Mon, Mar 27, 2017 | updated 06:07 AM IST

'Vegan' dinosaurs' tale of success

Updated: Jul 15, 2016 11:07 IST

Washington D.C, Jul 15 (ANI): Flesh-eating Tyrannosaurus rex may be the most well-known and iconic dinosaur, but it turns out some of the most successful of these prehistoric reptiles were actually vegetarian.

A new study from the University of Bristol, led by Eddy Strickson, has presented clear evidence about how plant-eating dinosaurs evolved.

In the rich dinosaur deposits of North America, hundreds of skeletons of plant-eaters are found for every T. rex. But how did they survive and proliferate? Was it down to innovation or stimulus by plant evolution?

Eddy Strickson said: "The plant-eating ornithopods showed four evolutionary bursts; one in the middle of the Jurassic, and the other three in a cluster around 80 million years ago in the Late Cretaceous. This was down to innovation in their jaws and improved efficiency."
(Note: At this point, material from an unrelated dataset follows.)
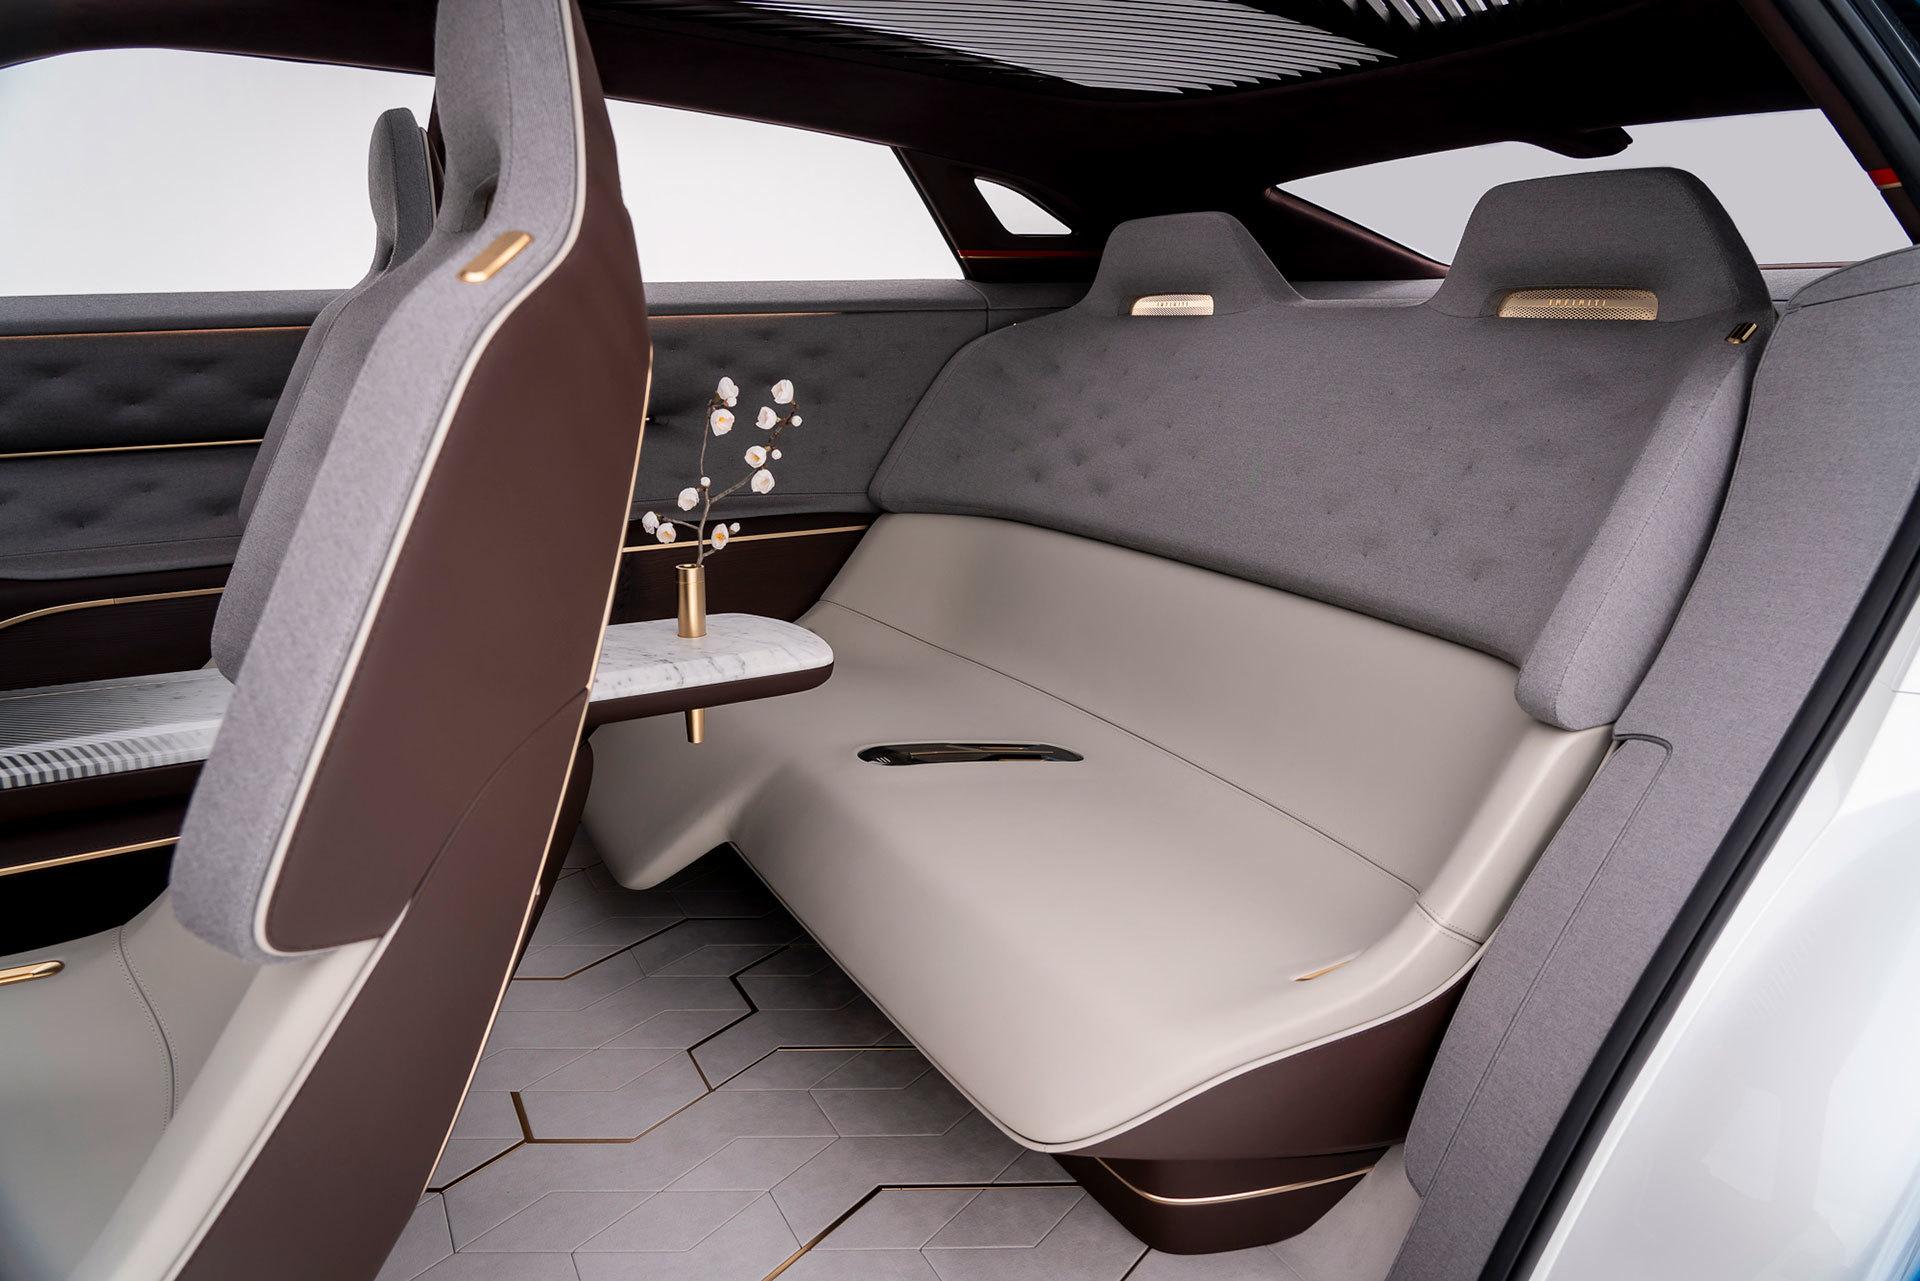 Infiniti Qx Concept Interior 04

Plants were evolving fast during the Mesozoic, with the rise of cycads, conifers, and especially the angiosperms or flowering plants in the Cretaceous. However, the evolution of ornithopod dinosaur jaws and teeth did not show any response to these changes in availability of plants.

Co-leader Albert Prieto-Marquez said: "Some of the immensely successful duck-billed hadrosaurs of the Late Cretaceous might have been eating flowering plants, but their tooth wear patterns, and especially close study of their coprolites - that's fossil poops - shows they were conifer specialists, designed to crush and digest the oily, tough needles and cones."

Co-leader Tom Stubbs added: "Our work has been done using new methods of evolutionary analysis. Up to now, many evolutionary studies of this kind have been quite circumstantial, but we have been able to identify times of intensive evolution using objective, numerical methods."

Over 150 million years, many hundreds of dinosaurs came and went, but in the end they all died out 66 million years ago. The new work helps confirm another recently published, and controversial, claim that most dinosaurs were already in decline 40 million years before the meteorite struck and finished them off.